這天一早,王西川將積攢的幾張松鼠皮、一張狗獾皮,以及一大塊風干鹿肉打包好,又帶了些黃麗霞腌的咸菜和攢的雞蛋,準備去公社一趟。
他沒有動用買槍后所剩不多的寶貴子彈去打新獵物,這次主要是以售賣和采購為主。
“當家的,路上小心。”黃麗霞將他送到院門口,細心幫他整理了一下背囊的帶子。
不知為何,她今天心里總覺得有些莫名的不安。
“嗯,賣完東西就回來,順便看看有沒有適合昭陽她們上學用的本子和鉛筆。”
王西川拍了拍妻子的手,給了她一個安心的眼神。
他又回頭看了看在院子里玩耍的女兒們,尤其是對著王昭陽叮囑了一句:“昭陽,你是大姐,多幫娘看著點妹妹。”
“知道了,爹。”王昭陽乖巧地點頭。
王西川這才背上沉甸甸的背簍,踏上了通往公社的土路。
冬日的陽光照在積雪覆蓋的原野上,反射出刺眼的白光。
路兩旁的樹木光禿禿的,偶爾有幾只麻雀在枝頭跳躍,發出嘰喳的叫聲。
他步伐穩健,心思卻并未放松。
多年的狩獵生涯養成了他時刻保持警惕的習慣,目光習慣性地掃視著道路兩旁可能藏匿危險的溝坎和林地。

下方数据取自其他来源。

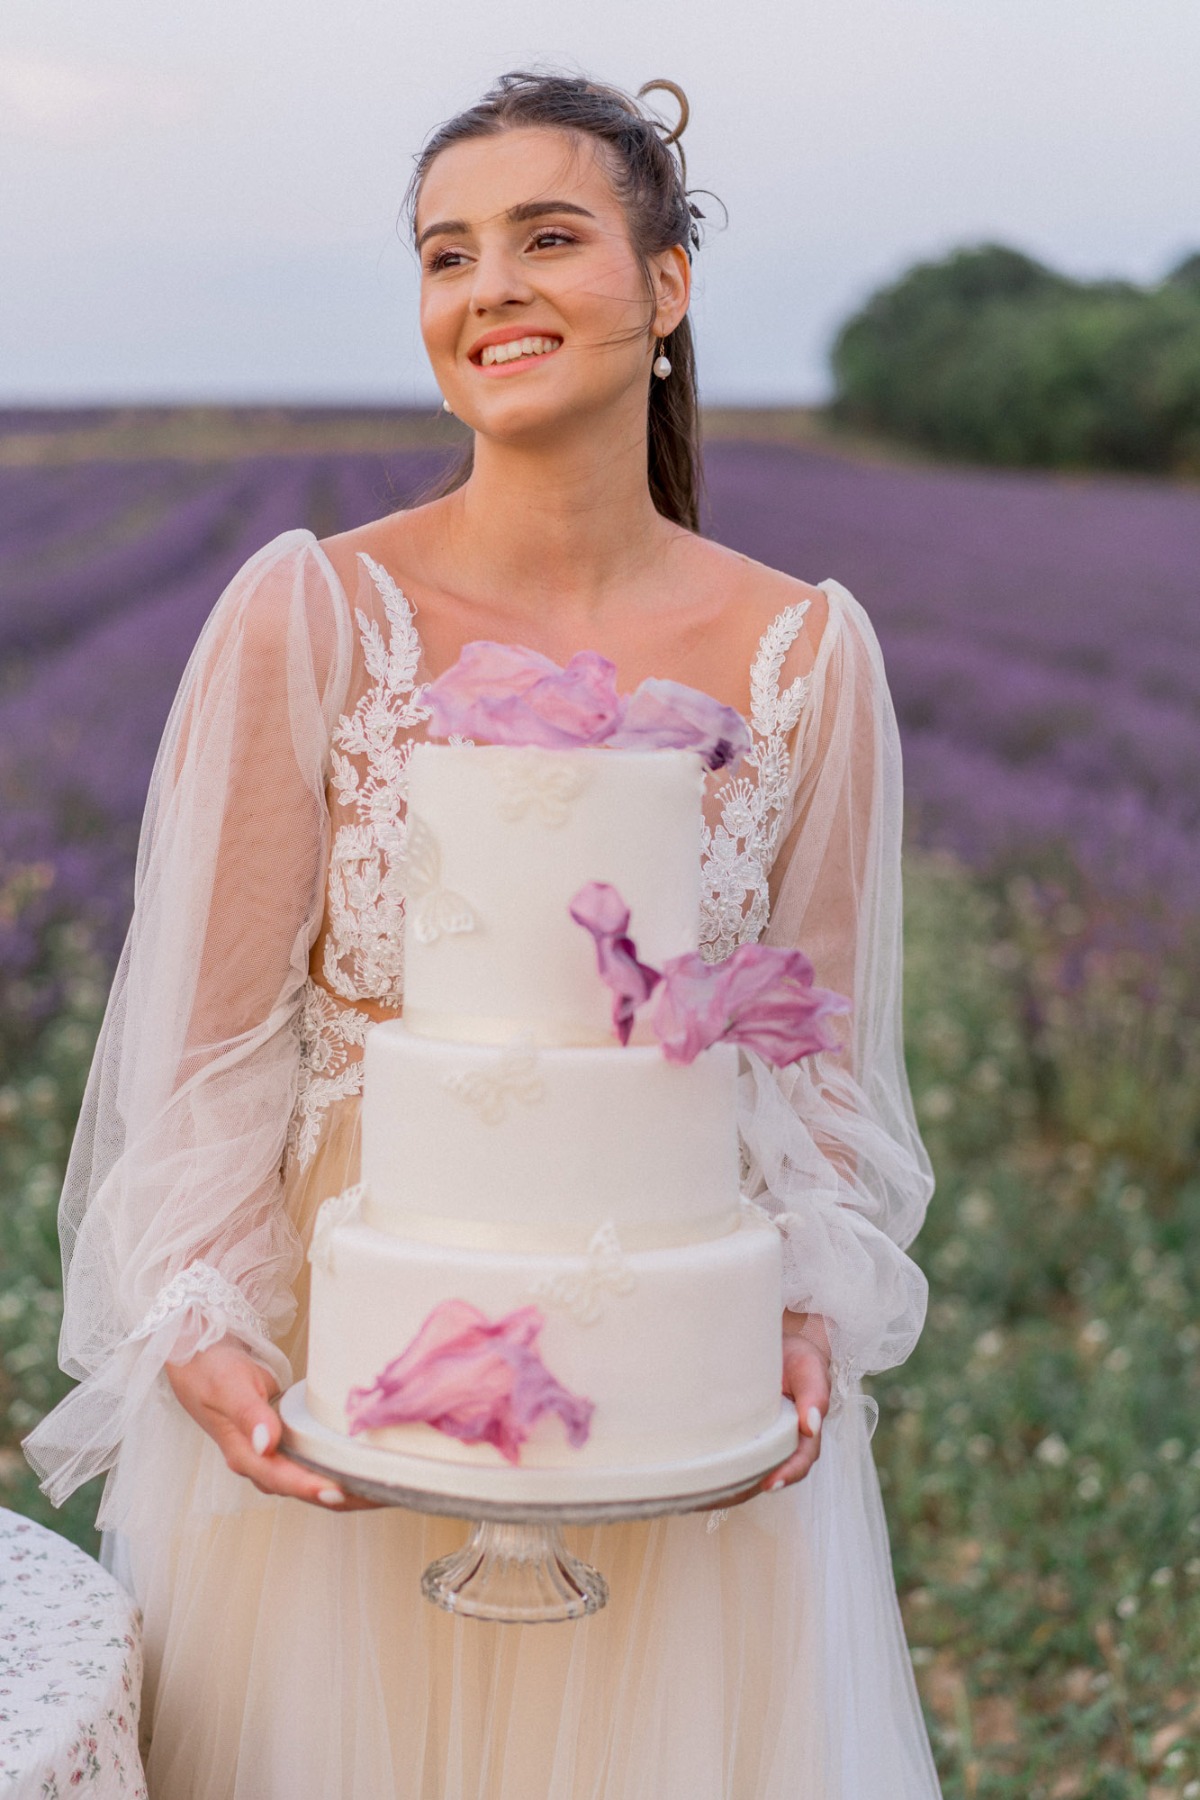 Bride holding wedding cake

不知是不是錯覺,他總覺得今天這條路,似乎比往常更安靜一些。
就在他走到一處前后都是樹林、相對僻靜的路段時,突然,從路旁的灌木叢后,猛地竄出四條人影,攔在了道路中央!
為首一人,眉骨上一道疤,正是劉疤瘌!
他身后跟著三個流里流氣、穿著破舊棉襖的年輕漢子,都是劉家屯有名的懶漢二流子,手里還拿著棍棒,一臉不懷好意的獰笑。
“站住!”劉疤瘌叉著腰,歪著頭,用他那公鴨嗓喊道。
王西川腳步一頓,停了下來。
他臉上沒有任何驚慌,只是平靜地掃視著眼前這四人,目光最終落在劉疤瘌身上。
他不認識這人,但看這架勢,來者不善。
“幾位,有事?”王西川的聲音不高,卻帶著一股沉靜的力量。
劉疤瘌被他的鎮定弄得愣了一下,隨即惱羞成怒,用棍子指著王西川:“你就是靠山屯的王西川?”
“是我。”
“聽說你小子挺狂啊?發了點財就不認兄弟,連老人都敢欺負?”劉疤瘌開始找茬,試圖在道義上占據高點,雖然這理由蹩腳得可笑。
王西川立刻明白了,這絕不是偶然的攔路搶劫,而是有針對性的尋釁。
他腦海中瞬間閃過王南川那張怨毒的臉,心里冷笑一聲,看來他這個好三弟,還是不死心。
“我狂不狂,認不認兄弟,跟你們有什么關系?”王西川懶得跟他們廢話,直接問道,“想干什么,直說吧。”
“嘿!還挺橫!”劉疤瘌旁邊一個齙牙漢子怪笑一聲,“哥幾個最近手頭緊,想跟你借點錢花花!把你背簍里的東西,還有身上的錢,都留下!不然,哼哼……”他晃了晃手里的木棍,威脅意味十足。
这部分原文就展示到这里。